__INPUT FOR THIS TASK__
****

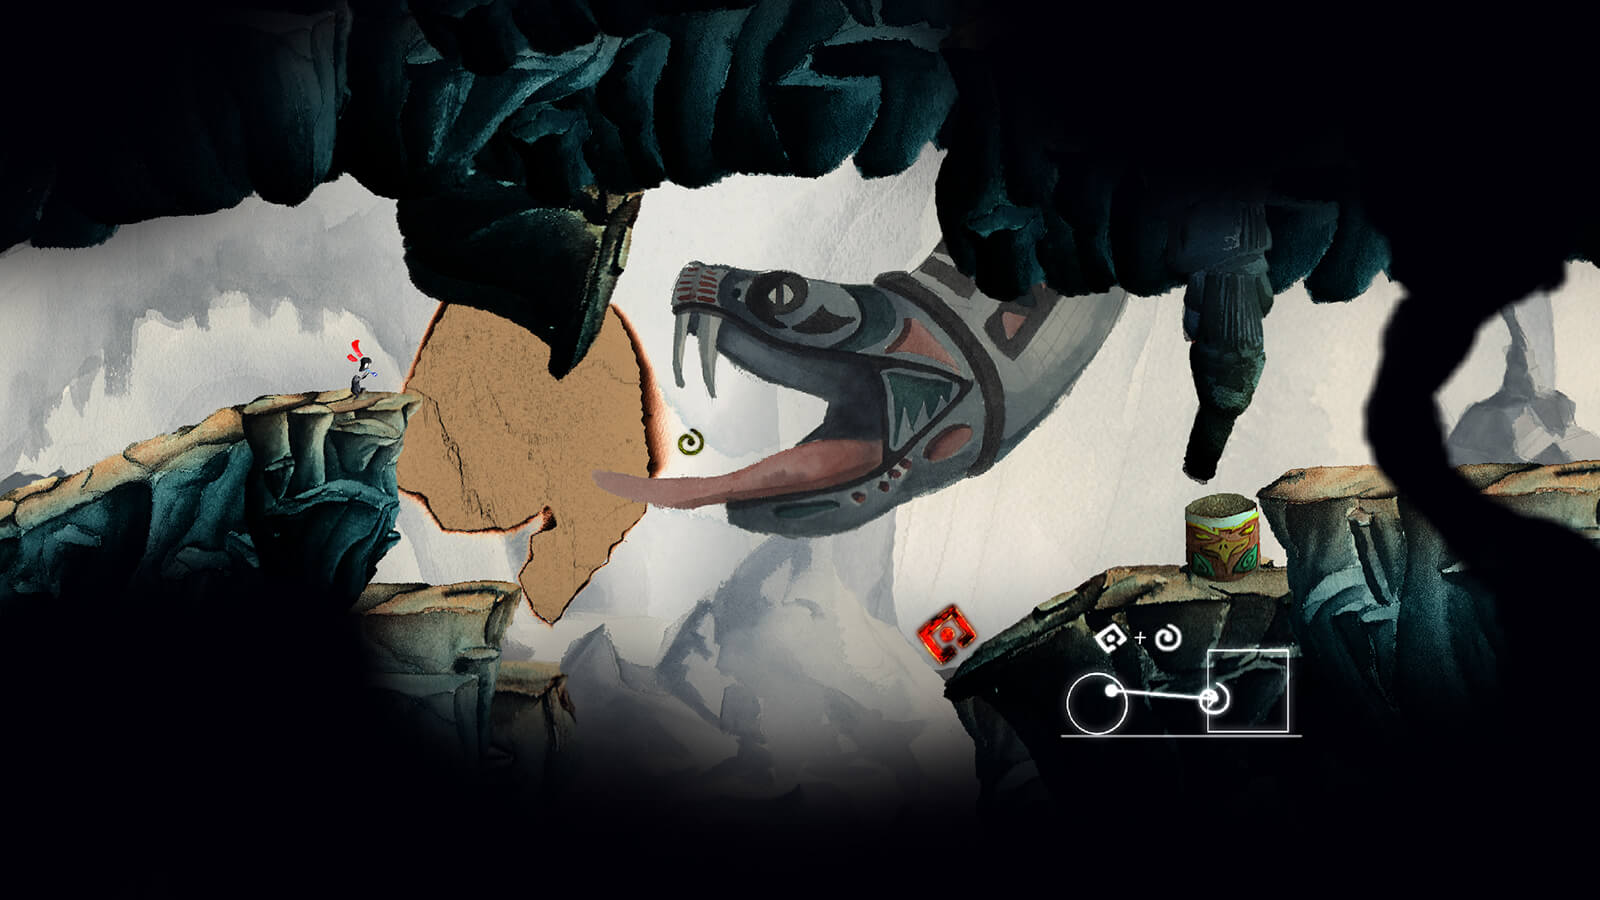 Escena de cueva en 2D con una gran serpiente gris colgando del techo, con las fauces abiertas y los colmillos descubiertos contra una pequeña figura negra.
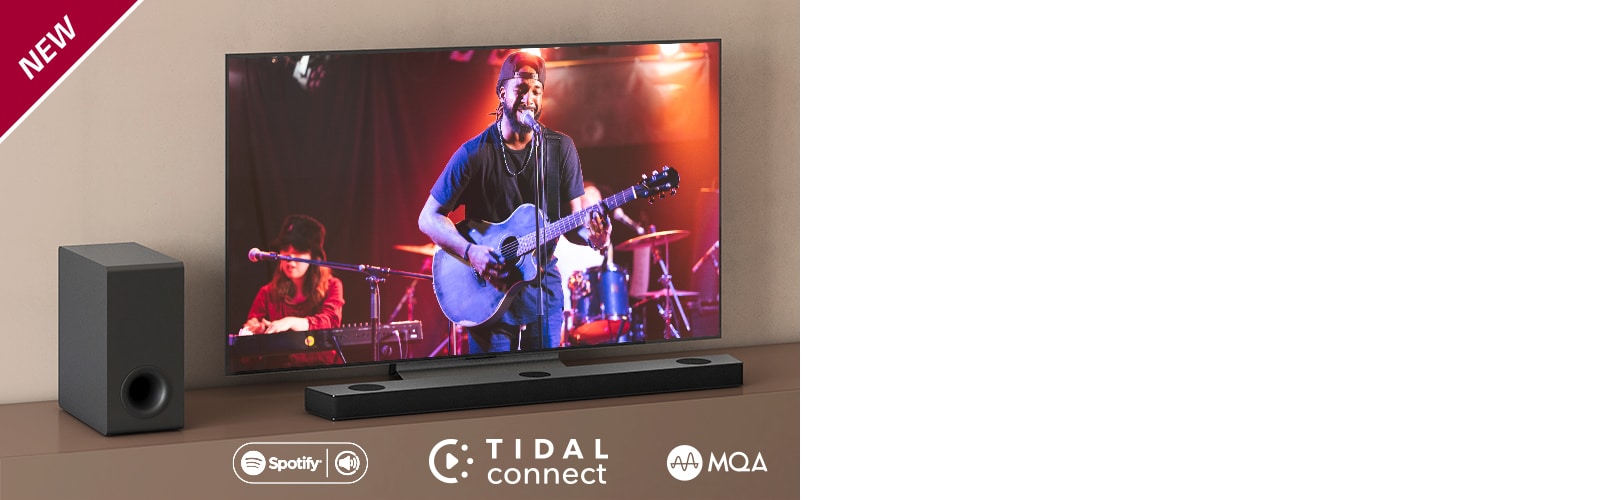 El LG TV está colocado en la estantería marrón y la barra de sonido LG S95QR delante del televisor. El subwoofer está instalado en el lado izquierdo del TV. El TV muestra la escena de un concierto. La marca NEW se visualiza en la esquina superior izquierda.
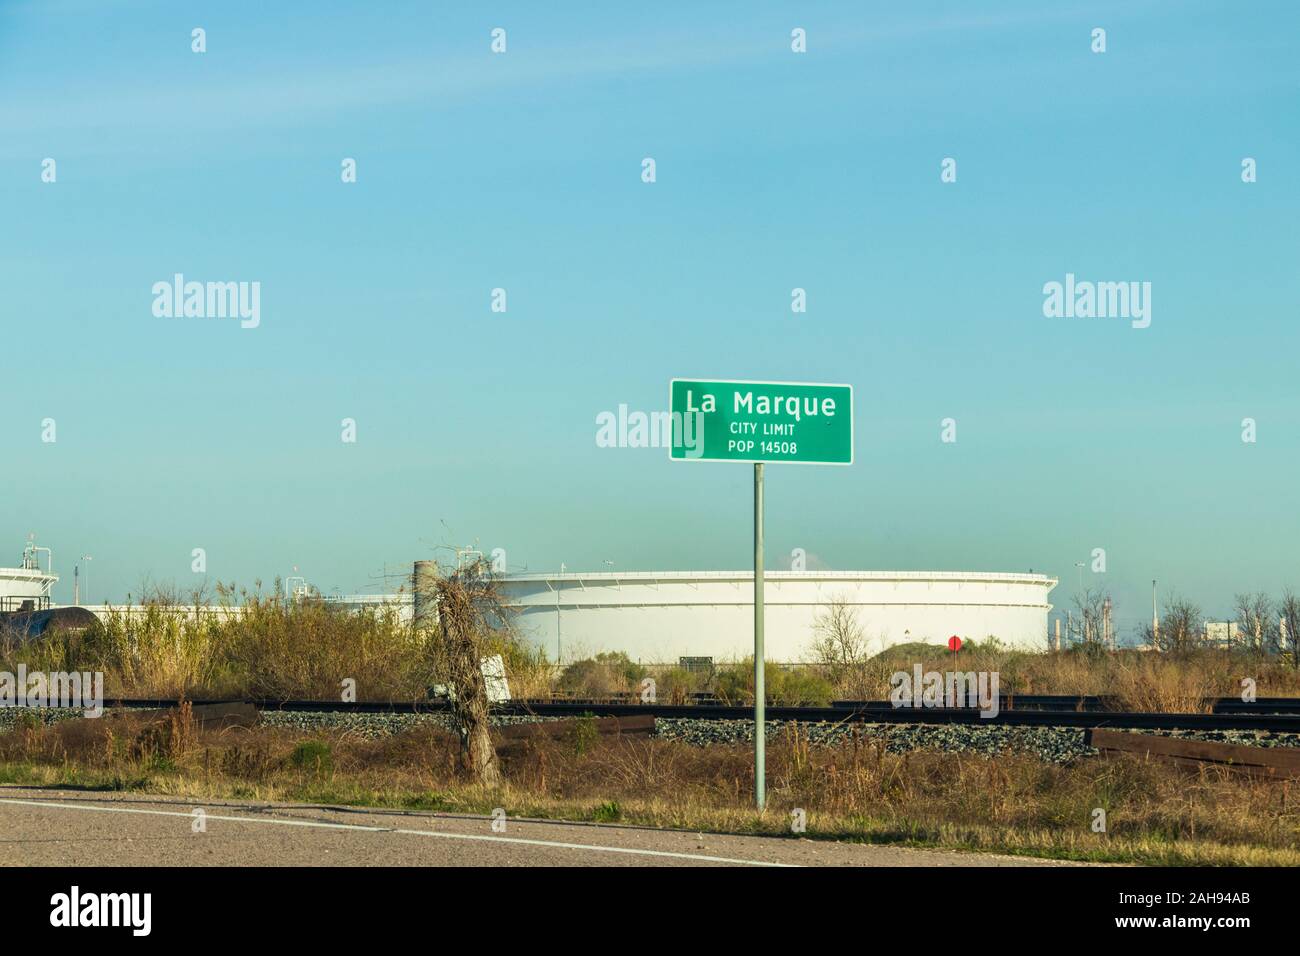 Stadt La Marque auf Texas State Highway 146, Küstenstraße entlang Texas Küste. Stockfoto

****

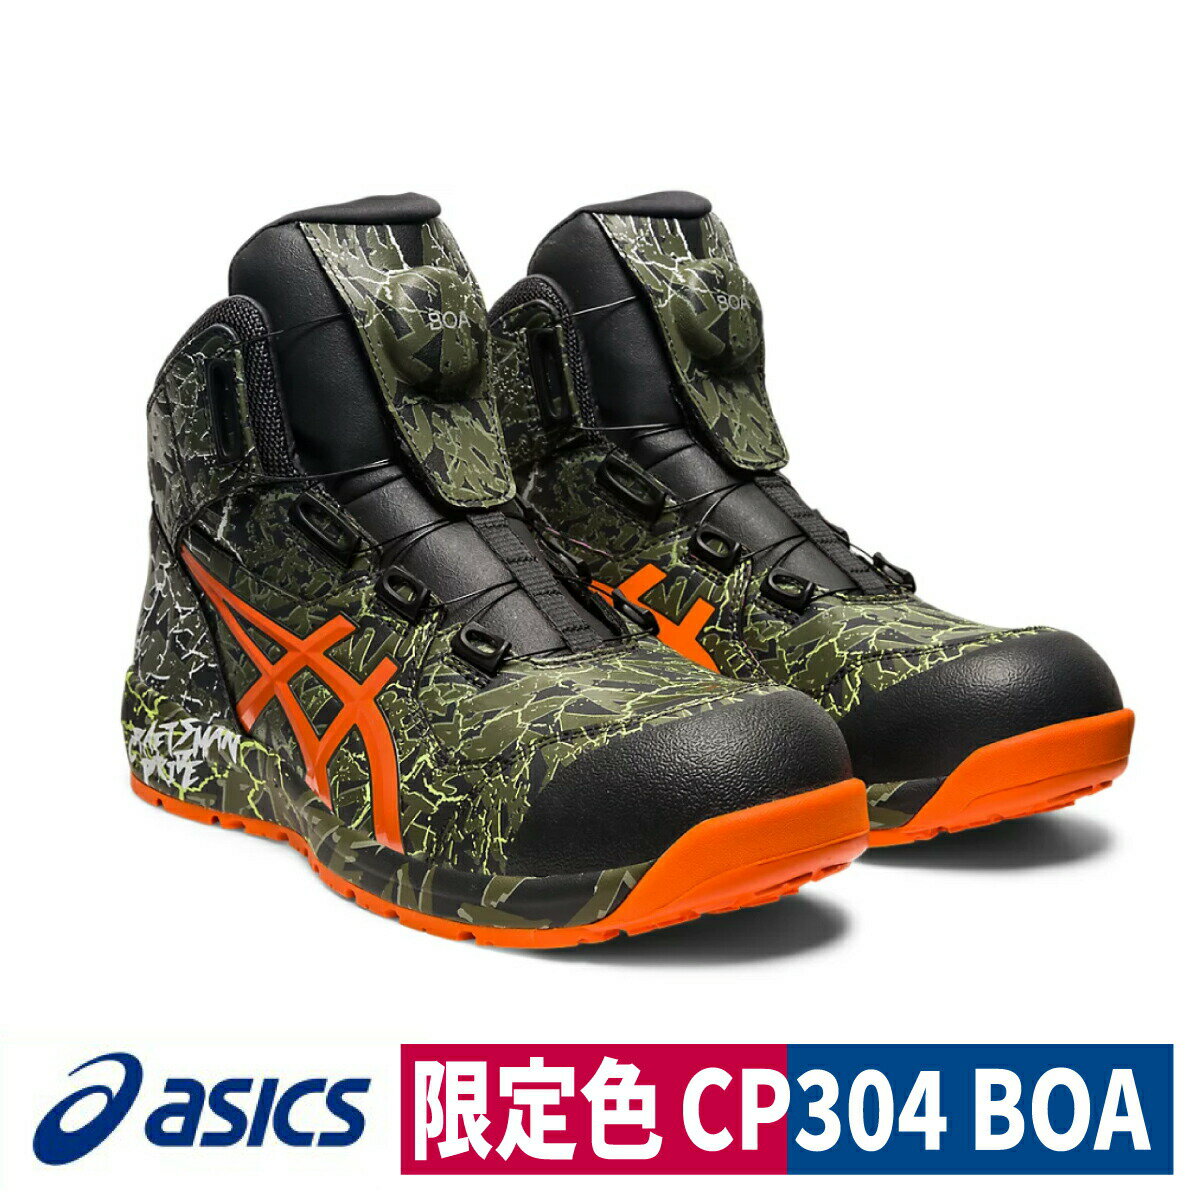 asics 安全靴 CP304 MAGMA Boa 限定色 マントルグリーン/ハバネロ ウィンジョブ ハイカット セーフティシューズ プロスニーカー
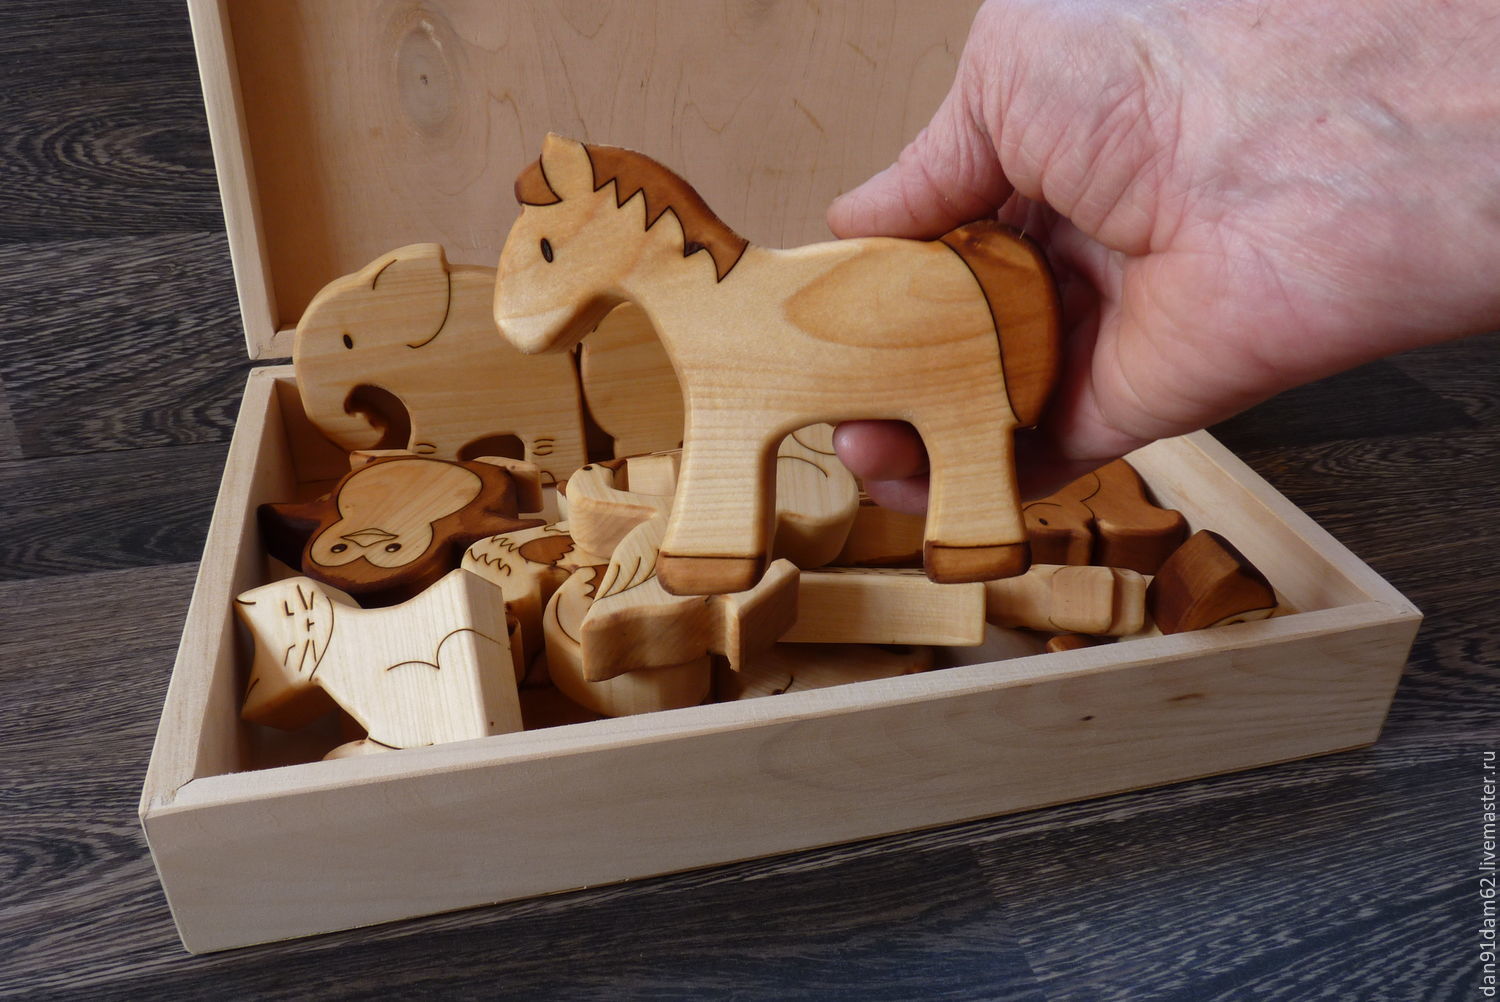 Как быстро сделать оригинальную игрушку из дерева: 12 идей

****

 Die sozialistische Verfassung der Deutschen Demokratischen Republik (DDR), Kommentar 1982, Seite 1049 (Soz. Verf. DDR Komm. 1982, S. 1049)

****

__EXERCISE DIRECTIONS__
Look above for the line containing "asics 安全靴 CP304" and the line containing "Как быстро сделать", then reproduce both and everything between them exactly, pictures omitted.

__EXERCISE ANSWER__
 asics 安全靴 CP304 MAGMA Boa 限定色 マントルグリーン/ハバネロ ウィンジョブ ハイカット セーフティシューズ プロスニーカー
 Как быстро сделать оригинальную игрушку из дерева: 12 идей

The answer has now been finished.